## WHAT YOU NEED TO DO
Each line from the beginning of the entries below through the line that includes "Русское порно кончил" must be returned exactly as given.

(DATA EXTRACTS Opens)

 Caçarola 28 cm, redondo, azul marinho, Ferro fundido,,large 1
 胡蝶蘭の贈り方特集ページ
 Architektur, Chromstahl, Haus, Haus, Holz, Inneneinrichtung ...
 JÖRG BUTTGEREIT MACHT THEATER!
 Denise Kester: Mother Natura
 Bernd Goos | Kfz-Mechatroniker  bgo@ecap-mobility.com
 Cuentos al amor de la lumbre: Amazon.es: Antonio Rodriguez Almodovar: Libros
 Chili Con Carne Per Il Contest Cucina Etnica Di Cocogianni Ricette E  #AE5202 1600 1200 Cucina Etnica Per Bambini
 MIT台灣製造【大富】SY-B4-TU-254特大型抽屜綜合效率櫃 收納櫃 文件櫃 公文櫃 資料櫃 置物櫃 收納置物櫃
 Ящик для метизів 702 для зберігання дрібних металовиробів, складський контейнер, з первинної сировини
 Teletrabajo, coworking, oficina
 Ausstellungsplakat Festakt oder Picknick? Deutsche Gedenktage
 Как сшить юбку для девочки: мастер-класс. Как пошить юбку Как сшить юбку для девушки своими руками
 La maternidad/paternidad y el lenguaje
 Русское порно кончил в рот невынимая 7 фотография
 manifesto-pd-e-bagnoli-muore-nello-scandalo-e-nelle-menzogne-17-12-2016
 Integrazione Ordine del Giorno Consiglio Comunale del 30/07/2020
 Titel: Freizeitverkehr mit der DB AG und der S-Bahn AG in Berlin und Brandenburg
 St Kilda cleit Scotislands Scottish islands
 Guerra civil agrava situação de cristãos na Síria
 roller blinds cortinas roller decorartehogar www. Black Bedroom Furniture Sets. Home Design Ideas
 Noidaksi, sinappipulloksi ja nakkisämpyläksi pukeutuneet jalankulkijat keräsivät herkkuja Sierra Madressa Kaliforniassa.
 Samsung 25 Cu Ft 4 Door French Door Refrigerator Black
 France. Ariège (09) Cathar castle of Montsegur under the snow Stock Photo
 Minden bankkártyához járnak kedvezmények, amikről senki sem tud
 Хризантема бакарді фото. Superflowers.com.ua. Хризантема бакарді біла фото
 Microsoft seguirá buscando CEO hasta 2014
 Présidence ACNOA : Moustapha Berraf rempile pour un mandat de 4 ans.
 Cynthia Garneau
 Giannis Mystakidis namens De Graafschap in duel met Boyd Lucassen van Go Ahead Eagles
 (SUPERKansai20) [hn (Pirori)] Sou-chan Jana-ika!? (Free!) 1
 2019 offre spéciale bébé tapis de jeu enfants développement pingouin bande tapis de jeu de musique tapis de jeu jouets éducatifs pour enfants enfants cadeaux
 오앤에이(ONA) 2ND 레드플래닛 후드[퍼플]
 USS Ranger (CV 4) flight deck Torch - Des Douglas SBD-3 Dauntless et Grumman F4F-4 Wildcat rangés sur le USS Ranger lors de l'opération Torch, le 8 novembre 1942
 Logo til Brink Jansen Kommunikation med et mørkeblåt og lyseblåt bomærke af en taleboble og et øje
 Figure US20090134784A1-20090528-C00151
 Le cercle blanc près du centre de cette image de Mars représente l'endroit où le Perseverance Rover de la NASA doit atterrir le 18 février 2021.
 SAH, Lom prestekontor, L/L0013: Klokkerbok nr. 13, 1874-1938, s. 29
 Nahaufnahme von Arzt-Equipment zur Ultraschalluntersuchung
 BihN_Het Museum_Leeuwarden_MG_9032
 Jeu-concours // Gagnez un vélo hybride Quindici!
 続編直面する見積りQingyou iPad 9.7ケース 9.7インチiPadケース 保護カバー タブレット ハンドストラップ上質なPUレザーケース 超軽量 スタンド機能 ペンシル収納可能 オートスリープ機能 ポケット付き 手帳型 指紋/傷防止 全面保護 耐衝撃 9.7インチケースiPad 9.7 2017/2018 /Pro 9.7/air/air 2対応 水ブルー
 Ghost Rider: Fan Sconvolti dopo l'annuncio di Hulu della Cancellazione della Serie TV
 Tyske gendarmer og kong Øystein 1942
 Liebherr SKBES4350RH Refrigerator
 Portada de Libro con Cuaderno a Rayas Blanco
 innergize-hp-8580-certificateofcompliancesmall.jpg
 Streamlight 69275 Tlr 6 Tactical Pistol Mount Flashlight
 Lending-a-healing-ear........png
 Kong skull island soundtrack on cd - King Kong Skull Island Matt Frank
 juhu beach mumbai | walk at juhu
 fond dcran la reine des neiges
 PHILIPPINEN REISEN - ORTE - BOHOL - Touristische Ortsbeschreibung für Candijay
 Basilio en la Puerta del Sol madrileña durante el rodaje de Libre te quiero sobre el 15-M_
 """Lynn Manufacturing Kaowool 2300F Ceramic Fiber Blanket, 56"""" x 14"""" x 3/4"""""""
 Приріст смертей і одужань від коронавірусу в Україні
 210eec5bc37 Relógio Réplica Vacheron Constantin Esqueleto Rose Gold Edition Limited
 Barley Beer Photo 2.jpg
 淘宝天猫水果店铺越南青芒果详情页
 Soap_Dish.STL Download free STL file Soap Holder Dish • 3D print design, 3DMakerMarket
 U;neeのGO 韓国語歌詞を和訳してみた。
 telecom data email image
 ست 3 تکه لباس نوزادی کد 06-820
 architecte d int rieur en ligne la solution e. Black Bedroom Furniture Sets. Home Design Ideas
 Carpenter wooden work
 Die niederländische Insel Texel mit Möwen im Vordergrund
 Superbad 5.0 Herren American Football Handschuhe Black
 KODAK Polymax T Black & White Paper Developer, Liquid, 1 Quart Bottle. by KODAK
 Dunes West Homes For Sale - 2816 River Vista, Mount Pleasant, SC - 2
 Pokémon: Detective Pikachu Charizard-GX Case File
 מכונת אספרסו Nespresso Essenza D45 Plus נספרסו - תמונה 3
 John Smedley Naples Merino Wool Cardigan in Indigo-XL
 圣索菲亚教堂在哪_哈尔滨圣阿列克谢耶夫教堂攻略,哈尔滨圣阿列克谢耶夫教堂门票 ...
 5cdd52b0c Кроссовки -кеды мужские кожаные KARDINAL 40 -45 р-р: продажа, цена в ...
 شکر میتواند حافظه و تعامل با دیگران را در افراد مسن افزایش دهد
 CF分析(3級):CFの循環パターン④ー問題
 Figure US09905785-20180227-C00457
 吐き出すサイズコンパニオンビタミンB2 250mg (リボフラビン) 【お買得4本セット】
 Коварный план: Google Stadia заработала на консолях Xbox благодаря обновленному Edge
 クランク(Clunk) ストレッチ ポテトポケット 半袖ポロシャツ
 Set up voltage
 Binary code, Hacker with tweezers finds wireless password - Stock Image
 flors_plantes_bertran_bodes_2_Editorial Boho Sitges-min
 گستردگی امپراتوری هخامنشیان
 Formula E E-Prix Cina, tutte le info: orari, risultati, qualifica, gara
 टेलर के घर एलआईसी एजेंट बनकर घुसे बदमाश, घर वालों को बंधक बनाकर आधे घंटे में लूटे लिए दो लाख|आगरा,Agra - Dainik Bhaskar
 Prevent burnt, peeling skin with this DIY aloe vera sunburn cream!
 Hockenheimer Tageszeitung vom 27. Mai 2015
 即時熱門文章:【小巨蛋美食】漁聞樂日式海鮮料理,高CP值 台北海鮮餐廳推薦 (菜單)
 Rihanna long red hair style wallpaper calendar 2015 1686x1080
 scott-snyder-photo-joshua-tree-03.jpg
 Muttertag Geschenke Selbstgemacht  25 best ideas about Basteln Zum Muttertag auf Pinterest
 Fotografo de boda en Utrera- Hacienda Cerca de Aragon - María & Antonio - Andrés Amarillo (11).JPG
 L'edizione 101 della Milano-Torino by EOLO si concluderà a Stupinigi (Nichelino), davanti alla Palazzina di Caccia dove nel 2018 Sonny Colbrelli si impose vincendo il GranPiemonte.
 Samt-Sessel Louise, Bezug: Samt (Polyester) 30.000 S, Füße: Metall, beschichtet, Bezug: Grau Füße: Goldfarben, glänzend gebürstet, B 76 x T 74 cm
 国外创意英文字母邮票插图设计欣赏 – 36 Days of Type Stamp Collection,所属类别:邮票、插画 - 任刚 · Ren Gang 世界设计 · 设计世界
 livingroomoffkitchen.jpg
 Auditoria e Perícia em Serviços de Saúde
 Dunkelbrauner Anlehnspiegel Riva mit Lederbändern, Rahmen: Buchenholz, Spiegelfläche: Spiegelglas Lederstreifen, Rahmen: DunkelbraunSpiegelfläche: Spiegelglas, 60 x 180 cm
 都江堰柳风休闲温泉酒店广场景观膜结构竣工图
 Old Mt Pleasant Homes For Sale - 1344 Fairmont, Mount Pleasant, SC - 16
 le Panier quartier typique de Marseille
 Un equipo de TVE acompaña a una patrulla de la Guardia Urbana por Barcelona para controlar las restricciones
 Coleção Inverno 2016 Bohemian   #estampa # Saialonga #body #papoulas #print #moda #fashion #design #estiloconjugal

(DATA EXTRACTS Closes)

## EXPECTED OUTPUT
 Caçarola 28 cm, redondo, azul marinho, Ferro fundido,,large 1
 胡蝶蘭の贈り方特集ページ
 Architektur, Chromstahl, Haus, Haus, Holz, Inneneinrichtung ...
 JÖRG BUTTGEREIT MACHT THEATER!
 Denise Kester: Mother Natura
 Bernd Goos | Kfz-Mechatroniker  bgo@ecap-mobility.com
 Cuentos al amor de la lumbre: Amazon.es: Antonio Rodriguez Almodovar: Libros
 Chili Con Carne Per Il Contest Cucina Etnica Di Cocogianni Ricette E  #AE5202 1600 1200 Cucina Etnica Per Bambini
 MIT台灣製造【大富】SY-B4-TU-254特大型抽屜綜合效率櫃 收納櫃 文件櫃 公文櫃 資料櫃 置物櫃 收納置物櫃
 Ящик для метизів 702 для зберігання дрібних металовиробів, складський контейнер, з первинної сировини
 Teletrabajo, coworking, oficina
 Ausstellungsplakat Festakt oder Picknick? Deutsche Gedenktage
 Как сшить юбку для девочки: мастер-класс. Как пошить юбку Как сшить юбку для девушки своими руками
 La maternidad/paternidad y el lenguaje
 Русское порно кончил в рот невынимая 7 фотография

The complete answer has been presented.